Transcribe the listing in full, word for word; pictures do not belong in the copy.
═════ Data provided ═════
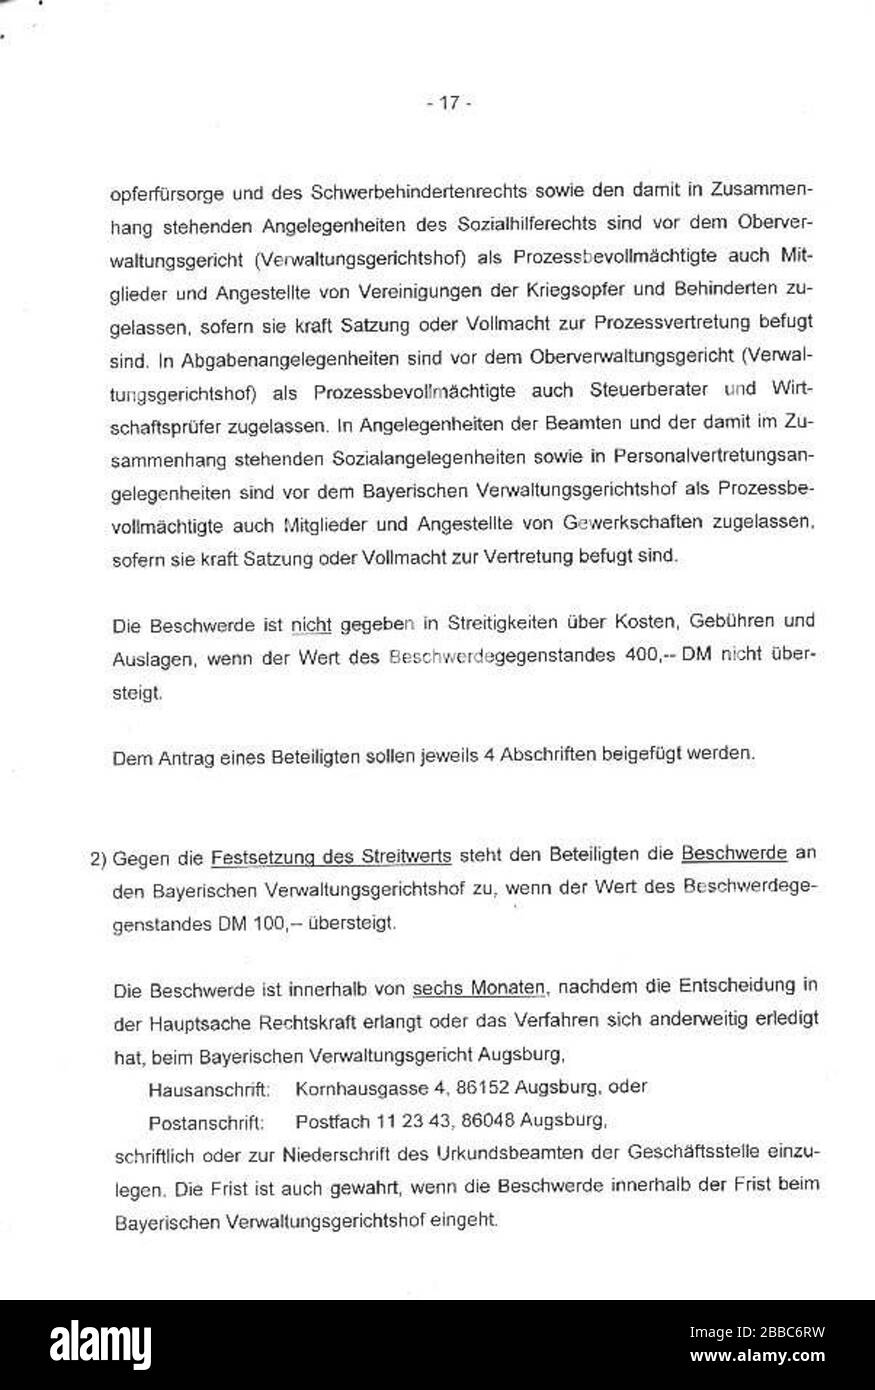 'Bayerisches Verwaltungsgericht Augsburg; Die Archiv-Affäre - Das Urteil; [1]; ' Stock Photo
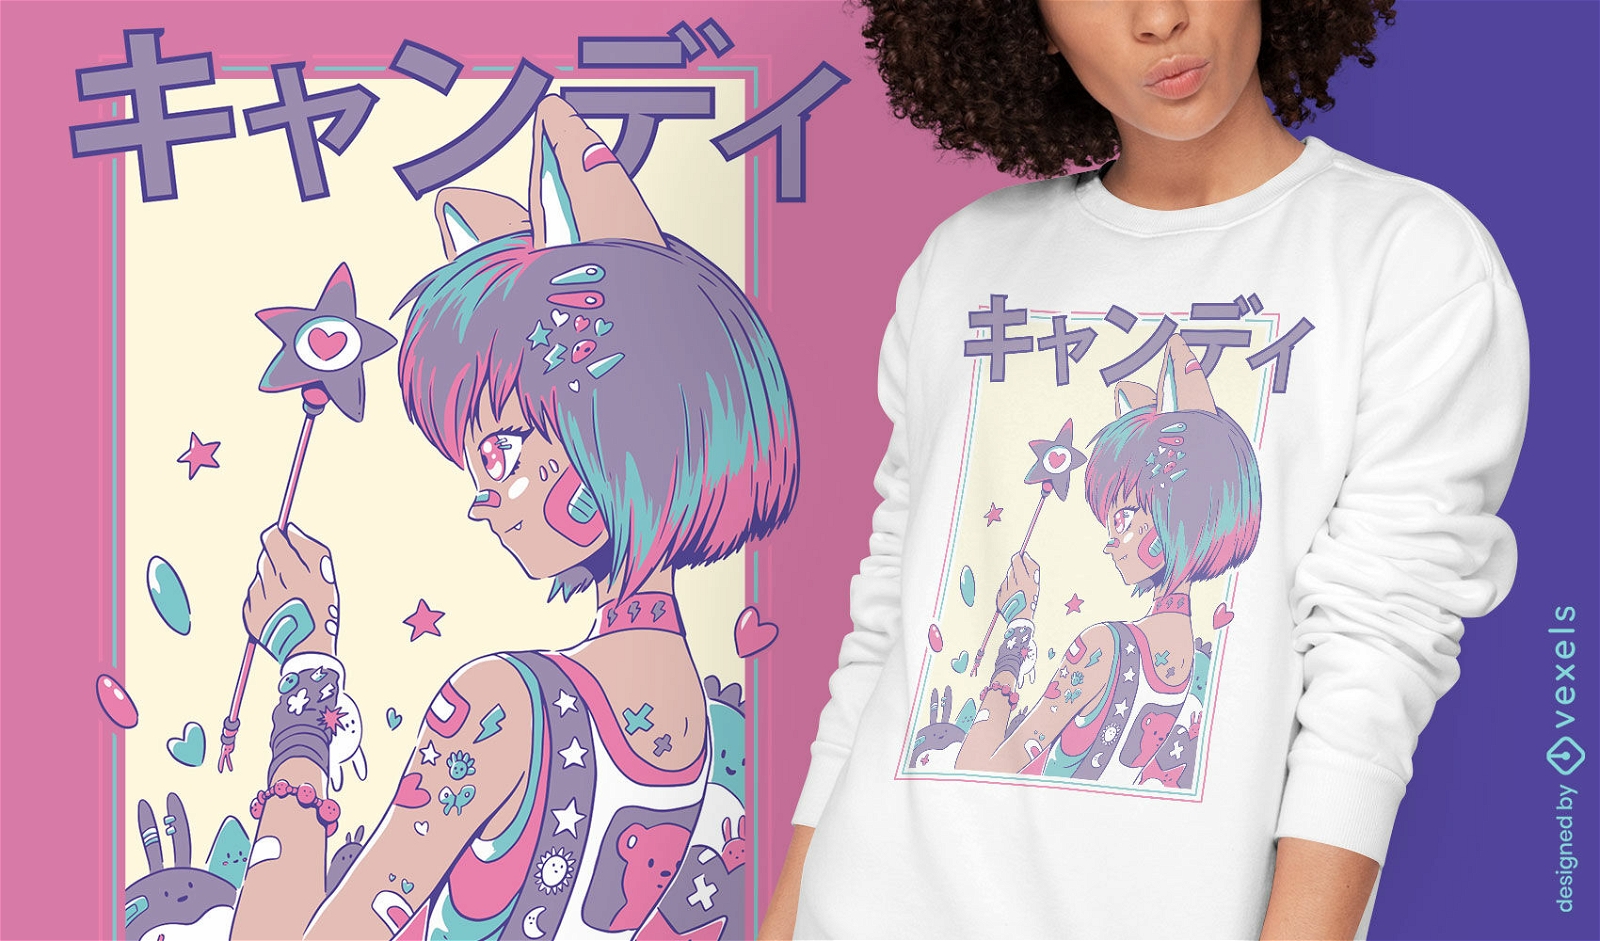 Baixar Vetor De Design Fofo De T-shirt De Anime Com Anjo
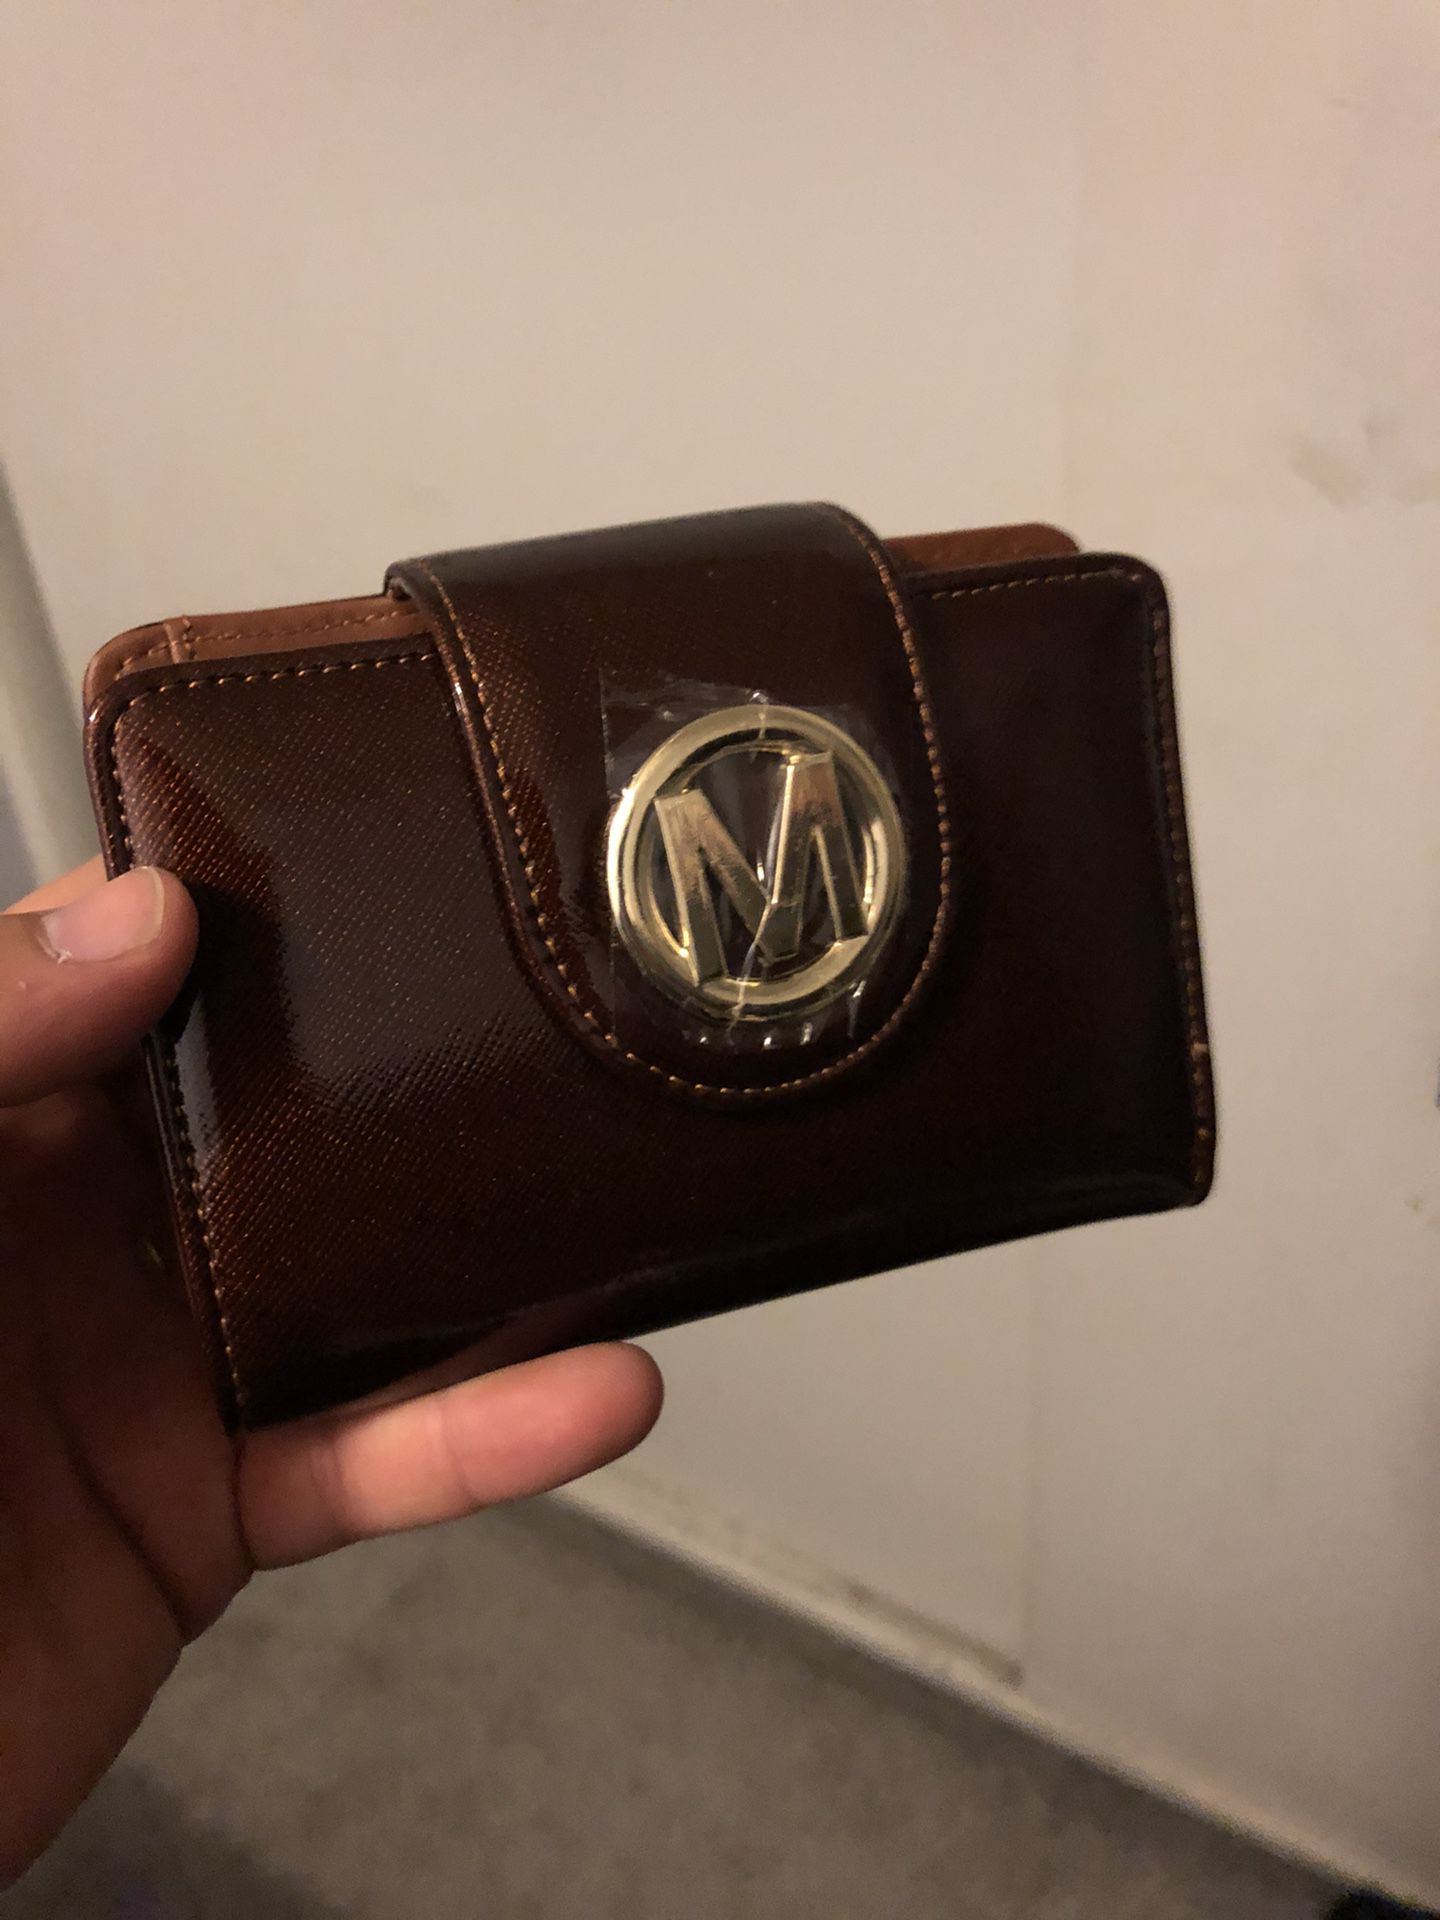 brand new womans small zipper wallet
═════
▶ Exercise answer:
 'Bayerisches Verwaltungsgericht Augsburg; Die Archiv-Affäre - Das Urteil; [1]; ' Stock Photo
 Baixar Vetor De Design Fofo De T-shirt De Anime Com Anjo
 brand new womans small zipper wallet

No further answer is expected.